- US 4 highlighted in red and US 4 Bus. highlighted in blue

Route information
- Maintained by VTrans
- Length: 66.059 mi (106.312 km)
- Existed: 1926–present

Major junctions
- West end: US 4 at the New York state line in Fair Haven
- VT 22A in Fair Haven; VT 30 in Castleton; US 7 in Rutland; VT 100 in Killington; I-89 in Hartford; I-91 / US 5 in White River Jct;
- East end: US 4 at the New Hampshire state line in White River Jct

Location
- Country: United States
- State: Vermont
- Counties: Rutland, Windsor

Highway system
- United States Numbered Highway System; List; Special; Divided; State highways in Vermont;
| ← VT 3 |  | → VT 4A |
| ← Route 12A | N.E. | → Route 14 |

= U.S. Route 4 in Vermont =

Segment of American highway

U.S. Route 4 (US 4) in the U.S. state of Vermont extends for 66.059 mi between the New York state line at Fair Haven and the New Hampshire state line at White River Junction. It is one of the main arteries between New York and New Hampshire.

==Route description==
Upon crossing into Vermont from New York, US 4 immediately expands from a two-lane highway to a four-lane expressway. US 4 changes from being signed north–south (in New York) to being signed east–west (in Vermont). The historic routing of US 4 runs nearby as Vermont Route 4A (VT 4A), which later becomes US 4 Business (US 4 Bus.) as it enters the town of Rutland.
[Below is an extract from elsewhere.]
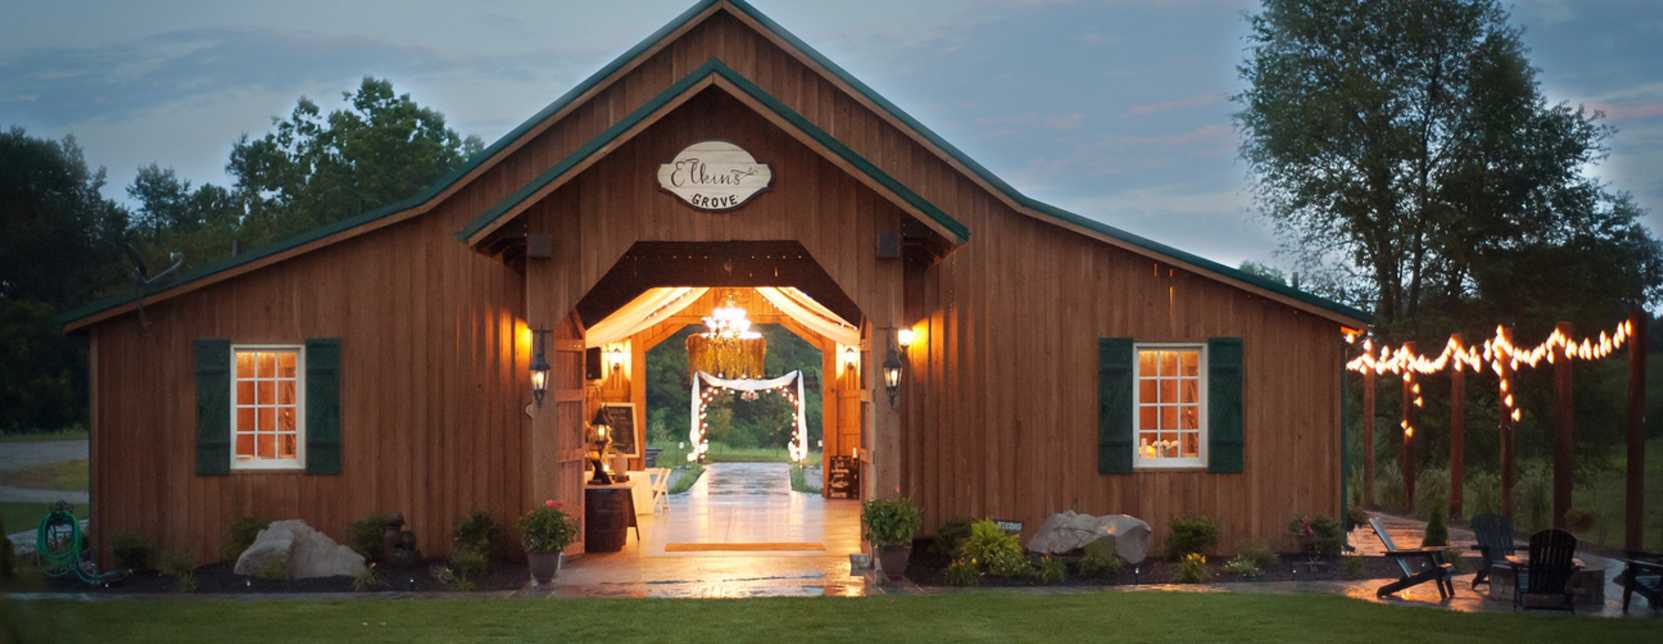 Wedding Venues In Bowling Green Kentucky

The 19 mi US 4 expressway was built in anticipation of the proposed, but never built, East–West Highway which was supposed to link the population centers of northern New England. As such, this section of freeway meets Interstate Highway standards. The freeway has junctions with VT 22A in Fair Haven and VT 30 in Castleton. In West Rutland, the last numbered exit on the highway, exit 6, leads to US 4 Bus., which provides access to West Rutland and Center Rutland. The expressway veers south just outside of Rutland, ending at an at-grade intersection with US 7 south of the city.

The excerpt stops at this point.